Saskia gulped in more air. “I remember,” she said again, even more deliberately this time.

“I remember the stories you told about him back in the day. And so I remember how he treated you, now. And I know how he treated me, so you need to believe me when I tell you that you are not in the least bit like him. Not at all.”

“You remember?” Thanasis concentrated on the only part that mattered. “You remember…before?”

He was staring down at her with an expression on his face that he could feel , and was certain he had never worn before. He felt outside himself, and something like dizzy, and he could not have looked away from her if his life depended on it.

He didn’t try.

“I knew exactly who I was when I came back to London,” Saskia told him, her gaze still wide and glued to his.

And on the one hand, the confession was a relief.

Thanasis hadn’t been going mad, after all.

He had seen that recognition all over her and he’d been right, she had known him. She had known him.

And those moments in New York that could only have occurred between two people who’d loved each other for years were real. He hadn’t made that up, either.

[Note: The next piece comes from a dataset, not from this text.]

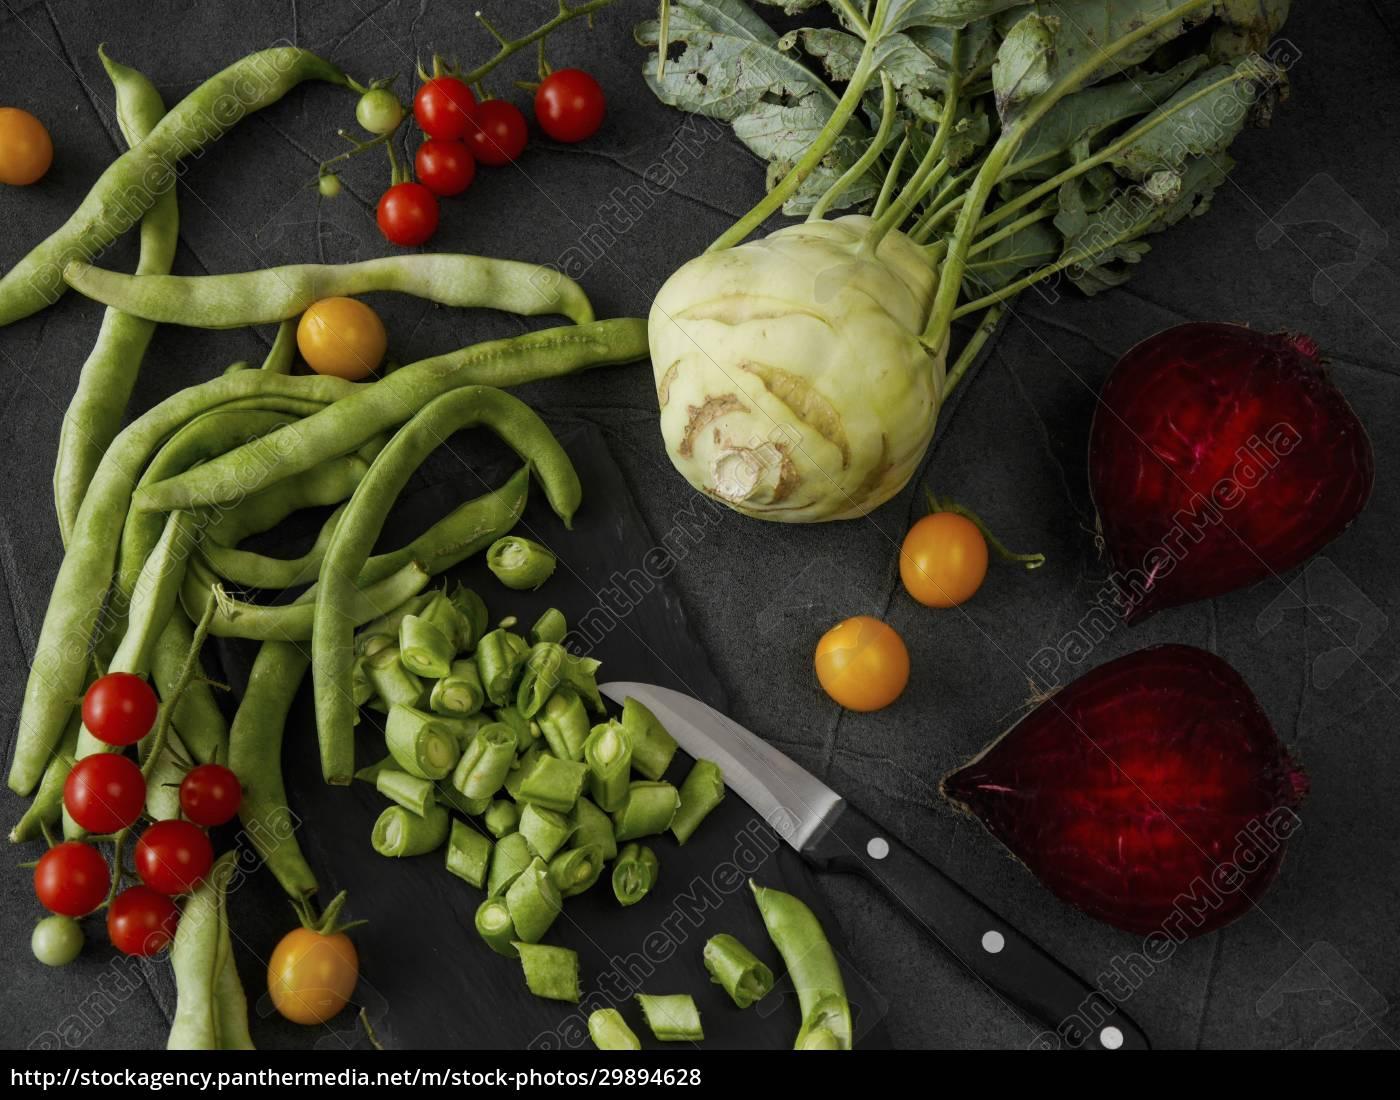 natura, morta, vegetale, con, fagioli, pomodori, kohlrabi, e - 29894628

He stared at her, and neither one of them had clothes on, but that didn’t seem to make a difference. He didn’t even realize he was stalking toward her until she made a small noise of surprise when her back hit the bed.

“You knew,” he said. “When you came back to London.”

Her eyes widened even more, but she didn’t look away. “Yes.”

“And might I be given some explanation as to why it is you felt the need to lie to me?” he asked her.

With a frigid courtesy that felt a lot like a weapon. When she winced, he imagined she felt it that way too.

And the Saskia he knew had always charged face-first into any confrontation, but she didn’t this time. She shook her head, a kind of anguish in her gaze. “I don’t know,” she said quietly. “I really don’t. I can’t defend it. I just… I felt that I had no choice but to do it.”

“Maybe you do remember, after all,” he suggested darkly, so close to her now but not touching her.

Not again. Not even though she was his once again, the Saskia he had mourned and grieved, lost and found.

“Maybe the monster is in the blood of the Zacharias family and that’s always been obvious to you.

Maybe you knew better than to throw yourself from the frying pan into the fire this time. ”

That anguish in her eyes faded, replaced by a spark he recognized.

It was her temper, kicking in the way it always had before, and he didn’t know whether to celebrate that or mourn it, too.

“Do you want to know why I remember anything?” she demanded, her voice hot.

“I’ll tell you. I found your father and his massage therapist. I think I told you that, though to be honest, it’s a blur.

And I’m not even sure that I would have cared about that as much as I should have, if there had been any repentance.

If he had promised me that I’d never see it again. ”

She made a face, and he had to wonder what was on his. Or maybe he had simply frozen solid at these details he certainly didn’t want to know. He hadn’t liked it when his father had regaled his mother with the squalid details of his trysts at the dinner table.

He certainly didn’t like imagining his Saskia subject to a similar fate.

It made him want to fly directly to that godforsaken villa and burn it down with a match from his own hand.